## To do:
For the copy, please give all of the data again exactly and leave the pictures out.

## Data section:
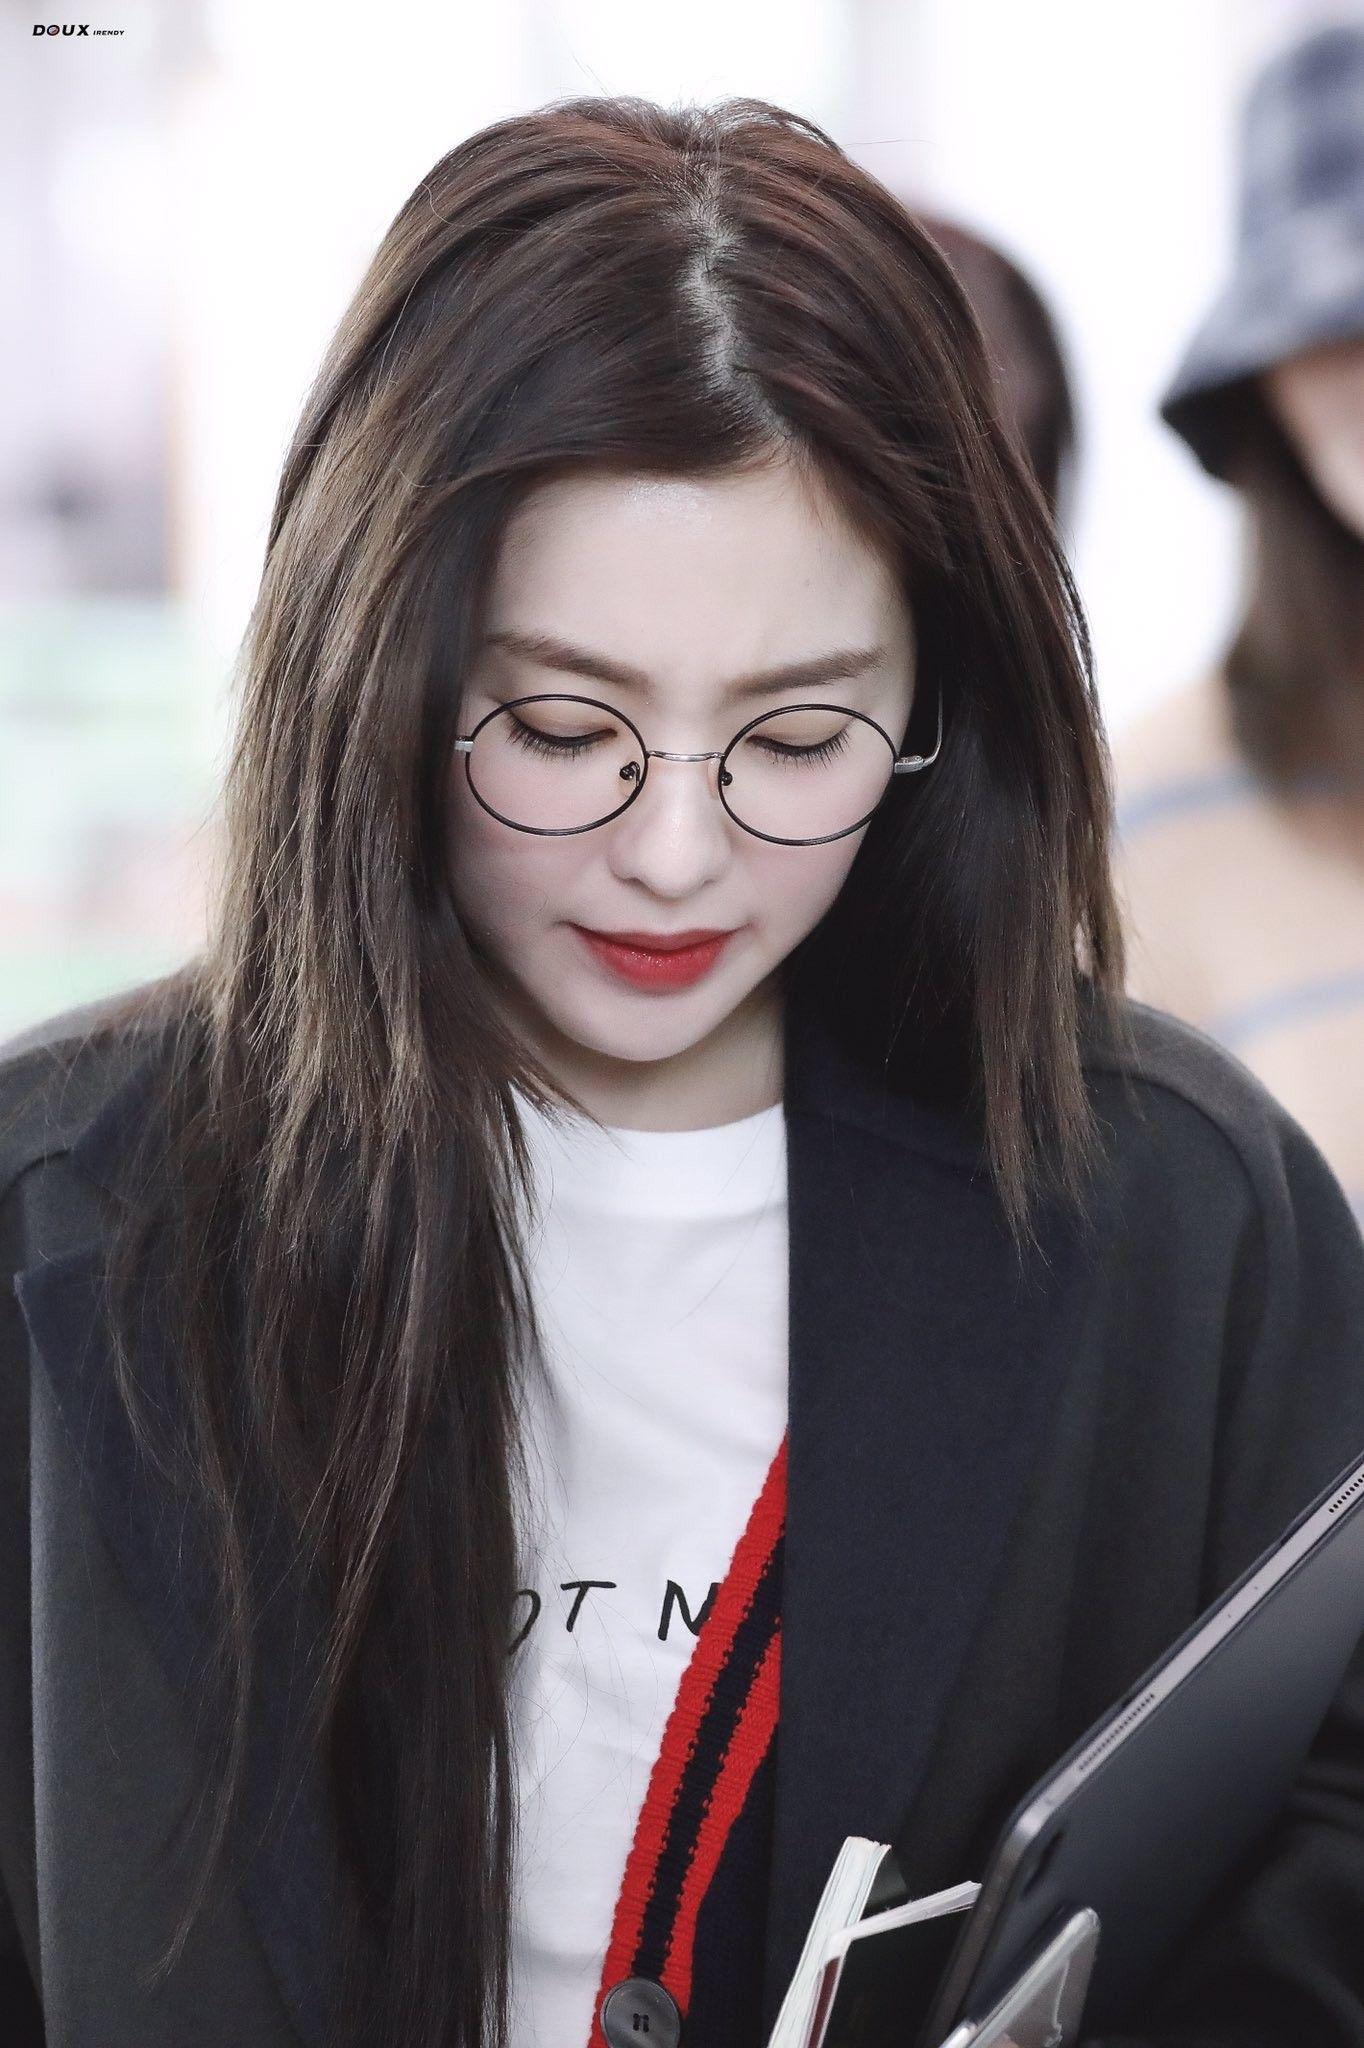 irene glasses 35
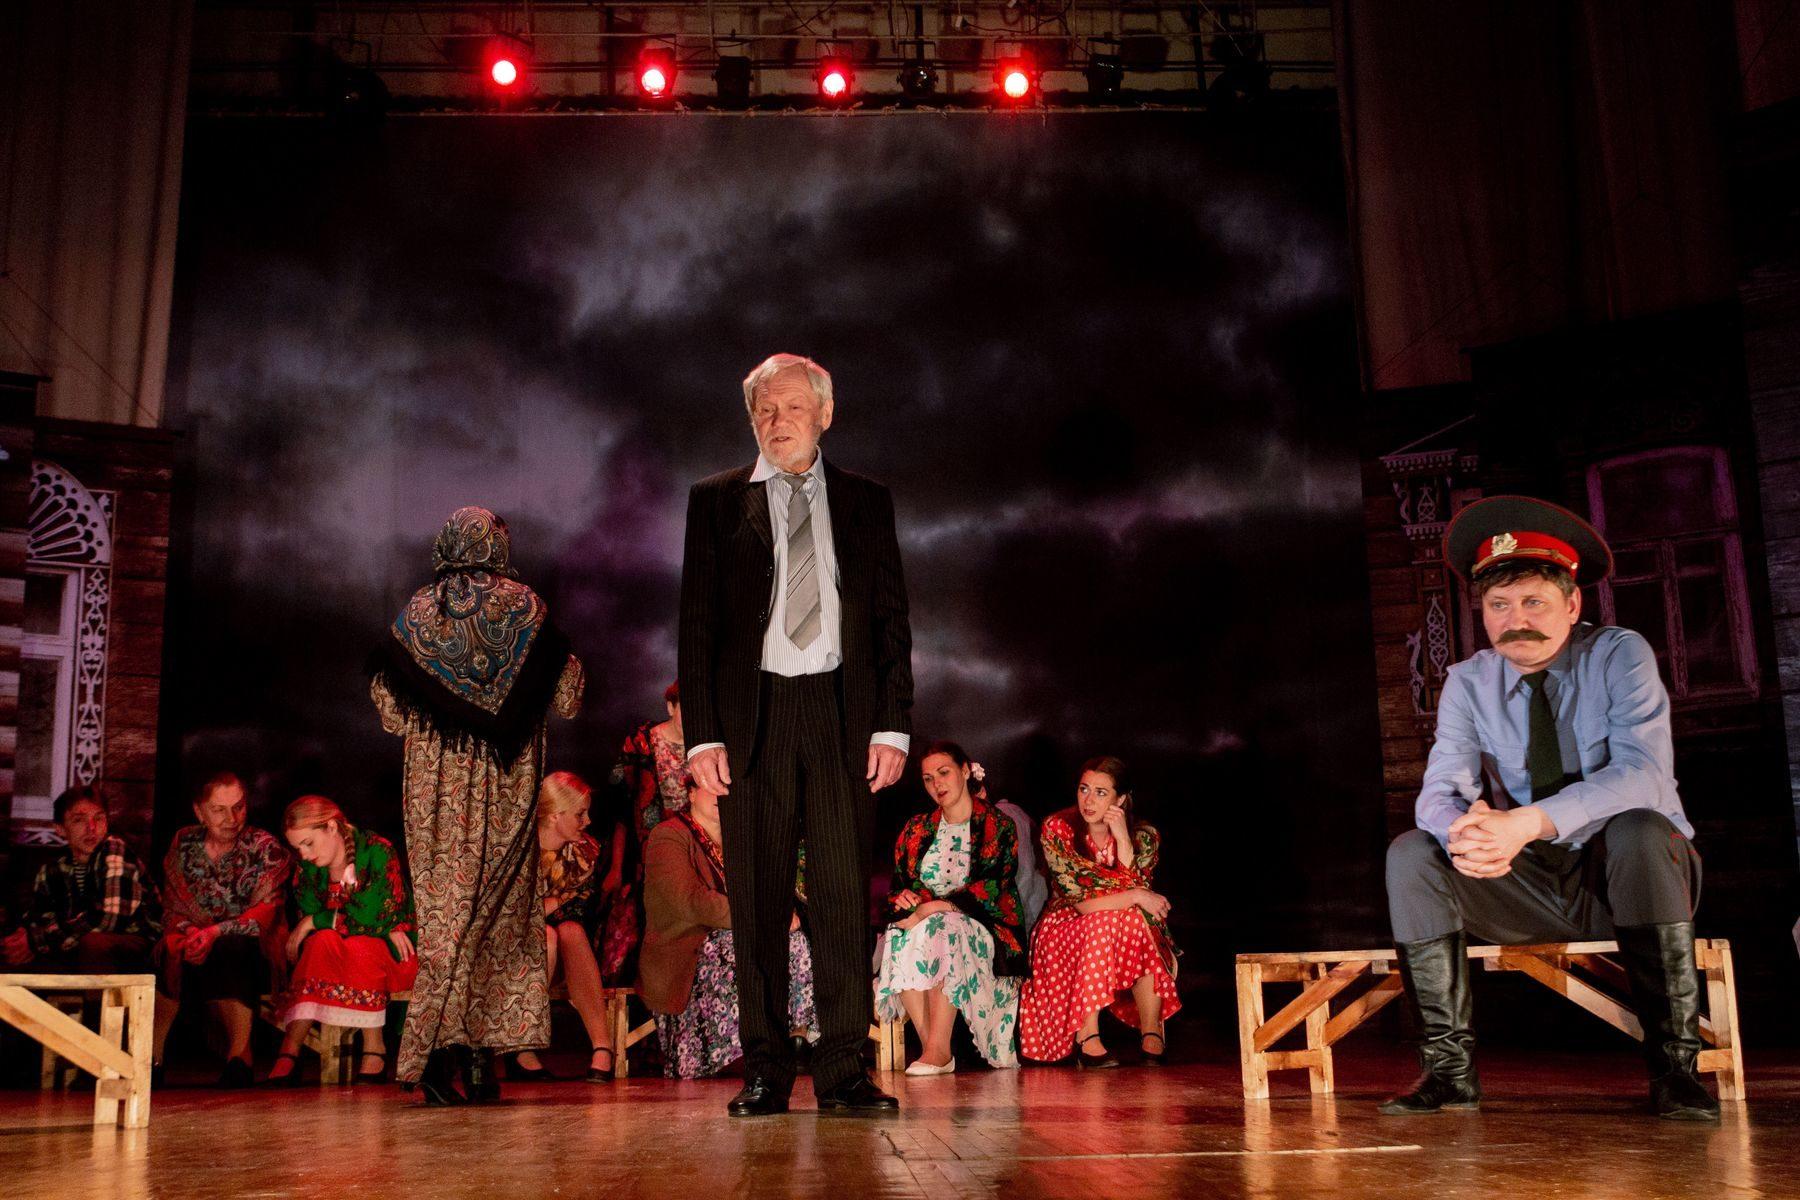 Концерт «Театру «Глас» – 30 лет» в Малом театре – события на сайте «Московские Сезоны»
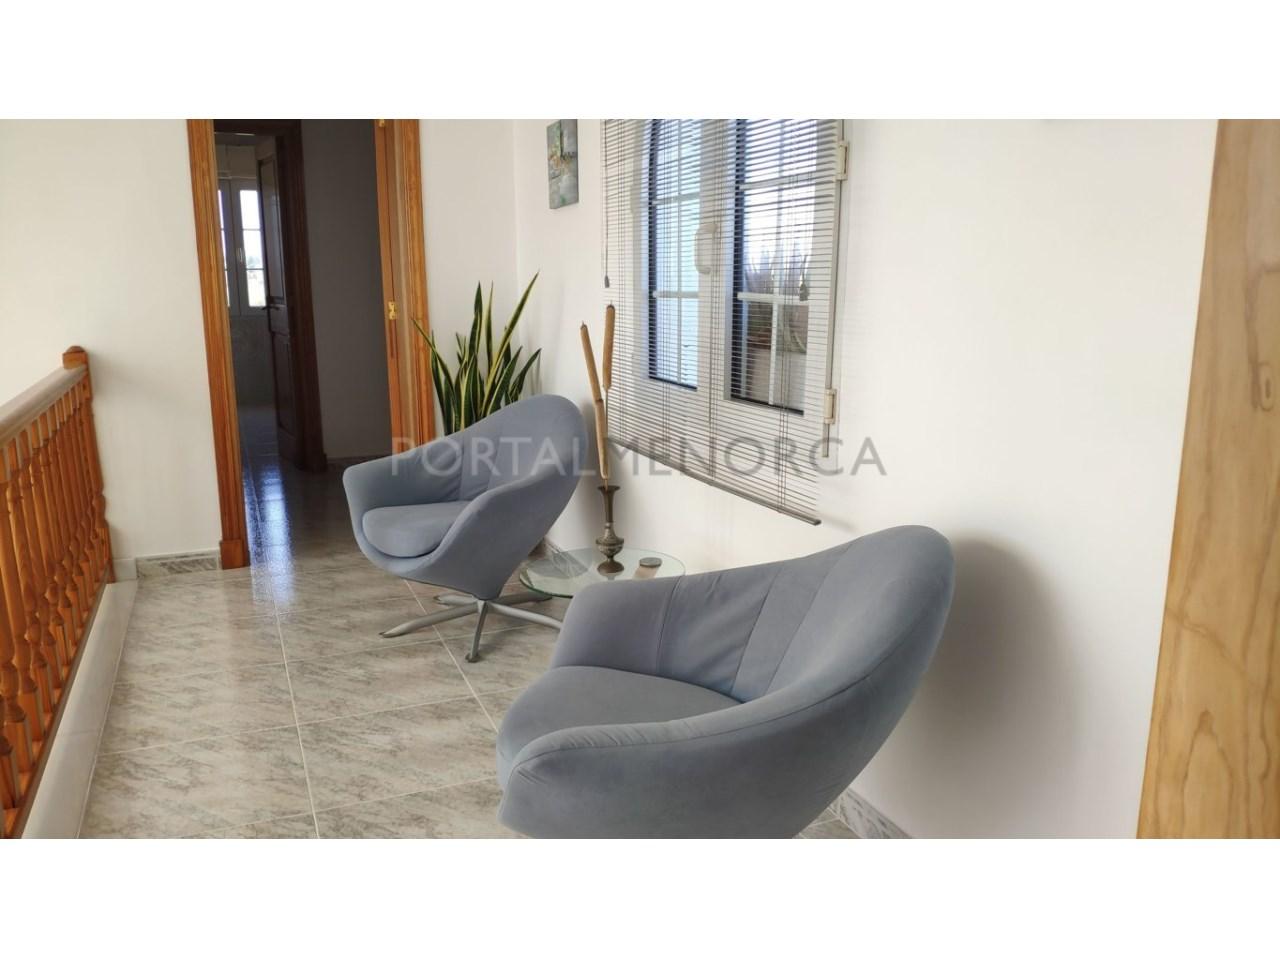 Chalet en venta en Calan Blanes con licencia turística Ciutadella Menorca - distribuidor primer piso

## Expected answer:
 irene glasses 35
 Концерт «Театру «Глас» – 30 лет» в Малом театре – события на сайте «Московские Сезоны»
 Chalet en venta en Calan Blanes con licencia turística Ciutadella Menorca - distribuidor primer piso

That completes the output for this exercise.